Option	Type	Default	Description
`apiKey`	`string`	—	Deepgram API key (direct mode)
`authType`	`'token' \| 'bearer'`	`'token'`	Controls WebSocket auth. Default: `'token'` (subprotocol `['token', apiKey]`). Set to `'bearer'` for OAuth tokens.
`proxyUrl`	`string`	—	Proxy server URL (recommended for production)
`voice`	`string`	`'aura-2-thalia-en'`	Voice model identifier
`sampleRate`	`number`	`24000`	Output sample rate: `8000`, `16000`, `24000`, `32000`, or `48000` Hz
`outputFormat`	`string`	`'linear16'`	Audio encoding: `linear16`, `mulaw`, or `alaw`
`options.model`	`string`	Falls back to `voice`	Overrides the voice model
`options.encoding`	`string`	Falls back to `outputFormat`	Overrides the encoding
`options.sampleRate`	`number`	Falls back to `sampleRate`	Overrides the output sample rate

Available voices

Aura 2 (recommended) — 40 English voices + 10 Spanish voices:

Popular English voices: aura-2-thalia-en, aura-2-andromeda-en, aura-2-janus-en, aura-2-proteus-en, aura-2-orion-en, aura-2-luna-en, aura-2-arcas-en, aura-2-athena-en, aura-2-helios-en, aura-2-zeus-en, and 30 more.

Spanish voices: aura-2-sirio-es, aura-2-nestor-es, aura-2-carina-es, aura-2-celeste-es, aura-2-alvaro-es, aura-2-diana-es, aura-2-aquila-es, aura-2-selena-es, aura-2-estrella-es, aura-2-javier-es.

Aura 1 (legacy) — 12 English voices:

aura-asteria-en, aura-luna-en, aura-stella-en, aura-athena-en, aura-hera-en, aura-orion-en, aura-arcas-en, aura-perseus-en, aura-angus-en, aura-orpheus-en, aura-helios-en, aura-zeus-en. Use Aura 1 only if you need a specific voice that did not carry over to Aura 2.

Complete example

import { CompositeVoice, MicrophoneInput, DeepgramSTT, AnthropicLLM, DeepgramTTS, BrowserAudioOutput } from '@lukeocodes/composite-voice';

const tts = new DeepgramTTS({
  proxyUrl: '/api/proxy/deepgram',
  voice: 'aura-2-andromeda-en',
  sampleRate: 24000,
  outputFormat: 'linear16',
});

const voice = new CompositeVoice({
  providers: [
    new MicrophoneInput(),
    new DeepgramSTT({ proxyUrl: '/api/proxy/deepgram' }),
    new AnthropicLLM({
      proxyUrl: '/api/proxy/anthropic',
      model: 'claude-haiku-4-5',
    }),
    tts,
    new BrowserAudioOutput(),
  ],
  logging: { enabled: true, level: 'debug' },
});

voice.on('tts.start', () => console.log('Speaking...'));
voice.on('tts.end', () => console.log('Done speaking'));

await voice.initialize();
await voice.startListening();

Streaming lifecycle

DeepgramTTS extends LiveTTSProvider. When used inside a CompositeVoice pipeline, the SDK manages the full lifecycle automatically. For standalone use:

const tts = new DeepgramTTS({
  proxyUrl: '/api/proxy/deepgram',
  voice: 'aura-2-thalia-en',
});

await tts.initialize();     // Validate configuration
await tts.connect();         // Open WebSocket

tts.onAudio((chunk) => {
  // chunk.data is an ArrayBuffer of linear16 PCM audio
  // chunk.metadata contains sampleRate, encoding, channels, bitDepth
});

tts.sendText('Hello, world!');
await tts.finalize();        // Flush remaining audio
await tts.disconnect();      // Close WebSocket

Tips

Use proxyUrl in production to keep your API key server-side.
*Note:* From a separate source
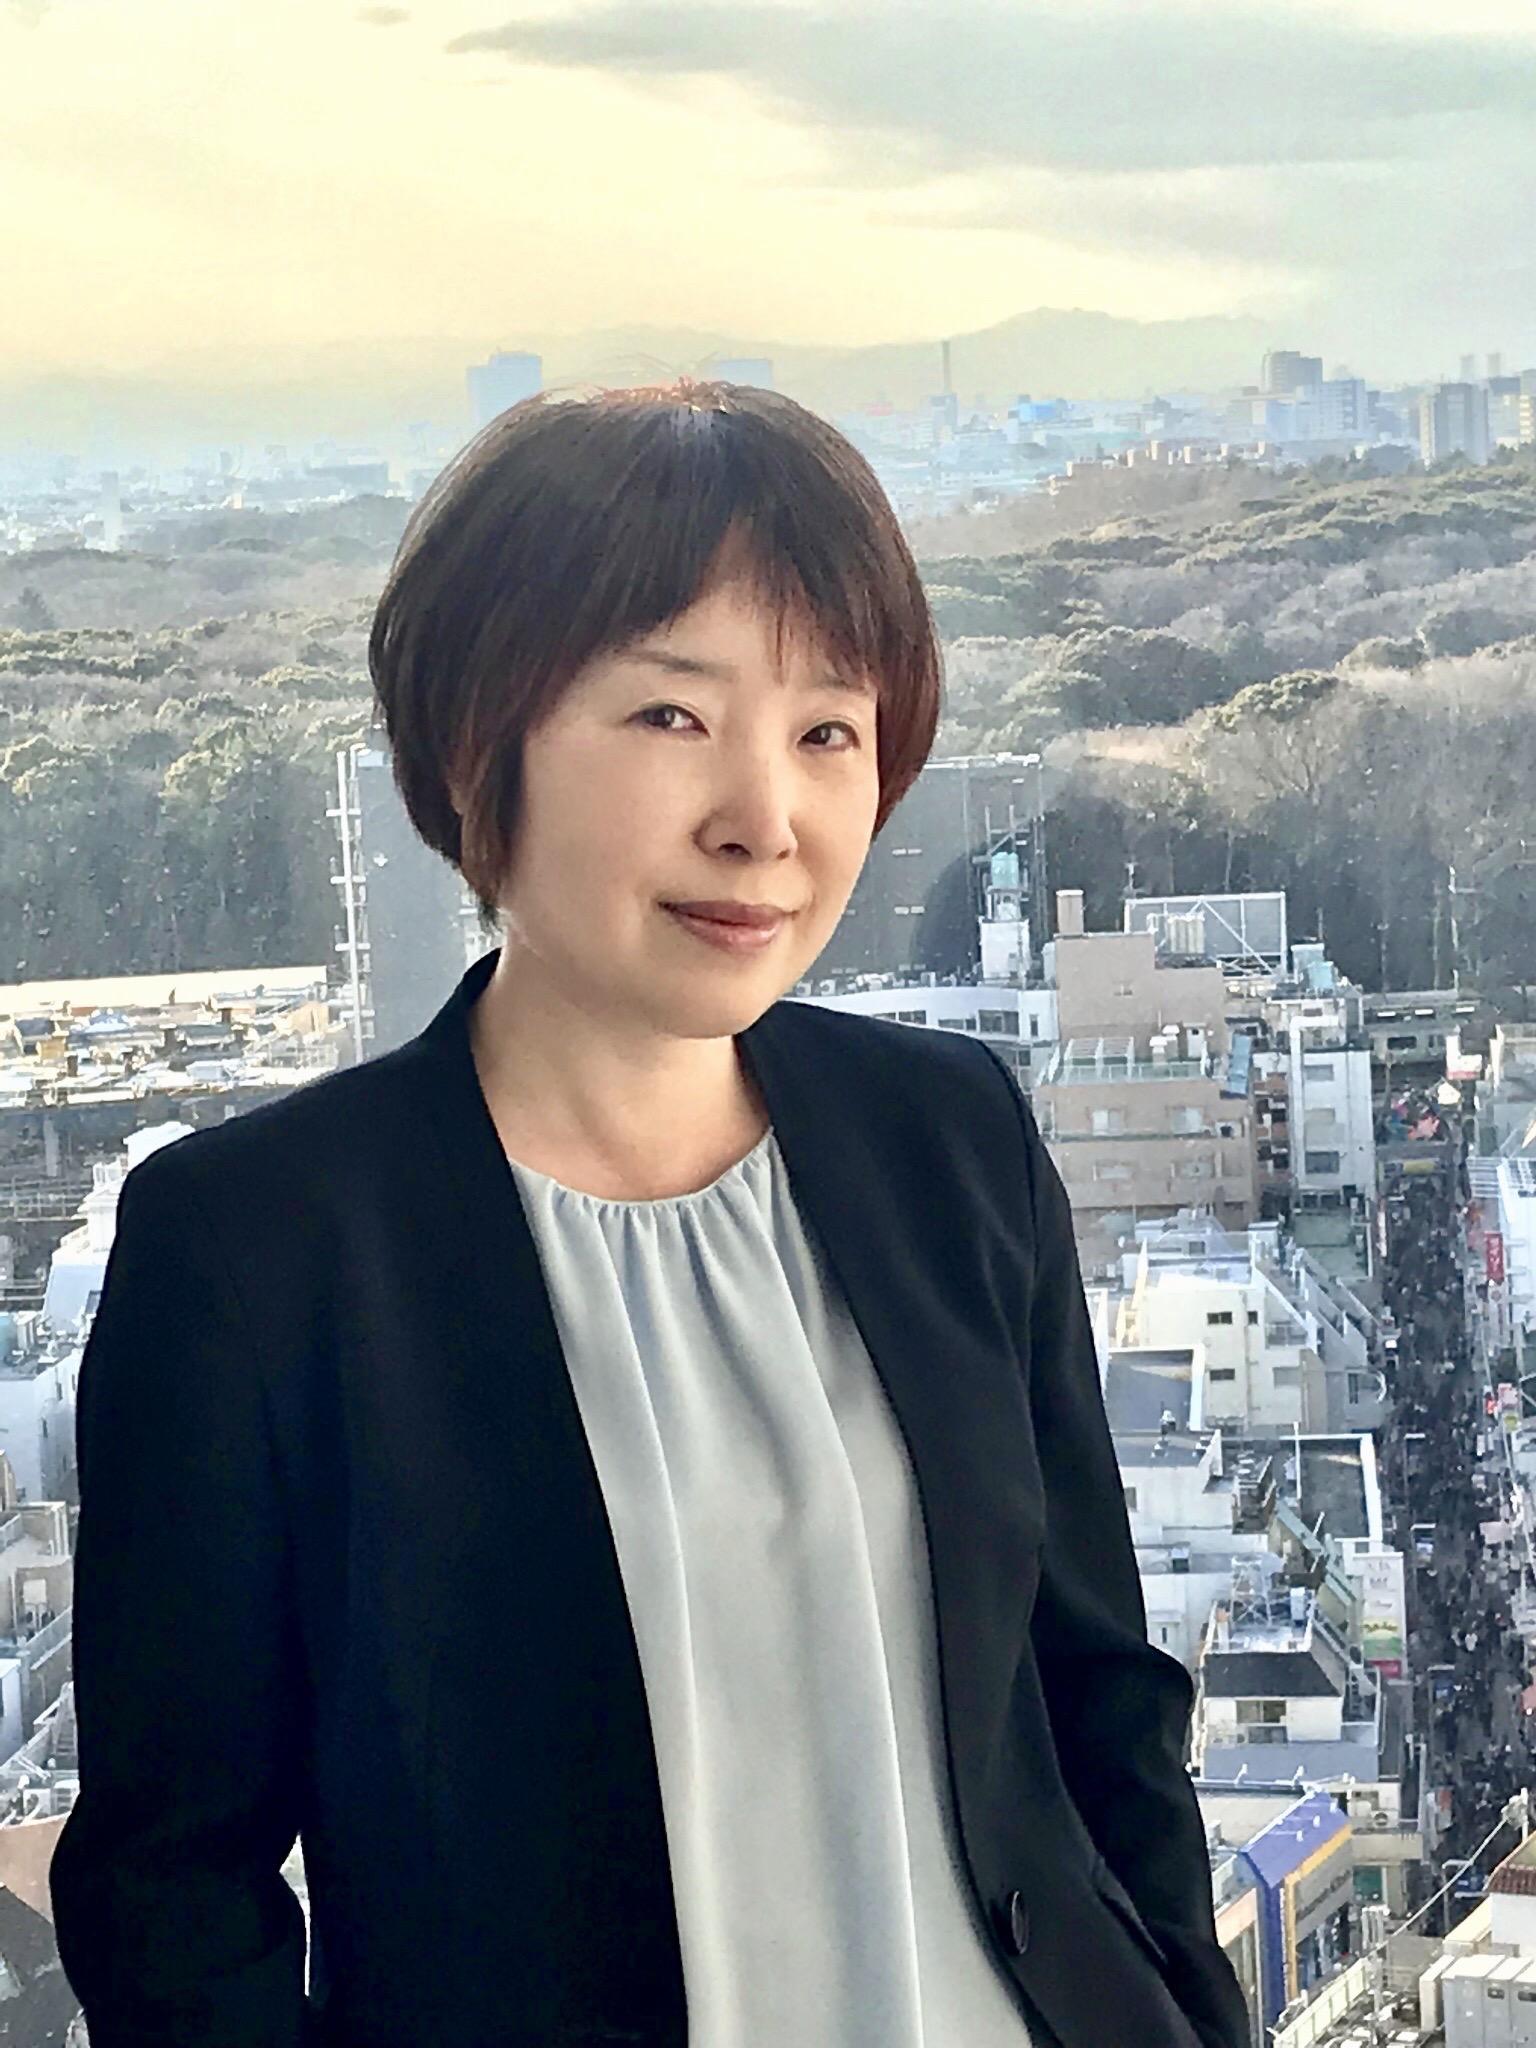 SKANIOGLOS投資顧問代表取締役社長 永田典子

Pass apiKey only during local development.
Aura 2 voices deliver better quality than Aura 1. Use aura-2-thalia-en as a starting point.
DeepgramTTS uses raw native WebSocket, not @deepgram/sdk. No extra packages to install.
DeepgramTTS emits metadata events with sample rate and encoding information. Use these to configure downstream audio processing.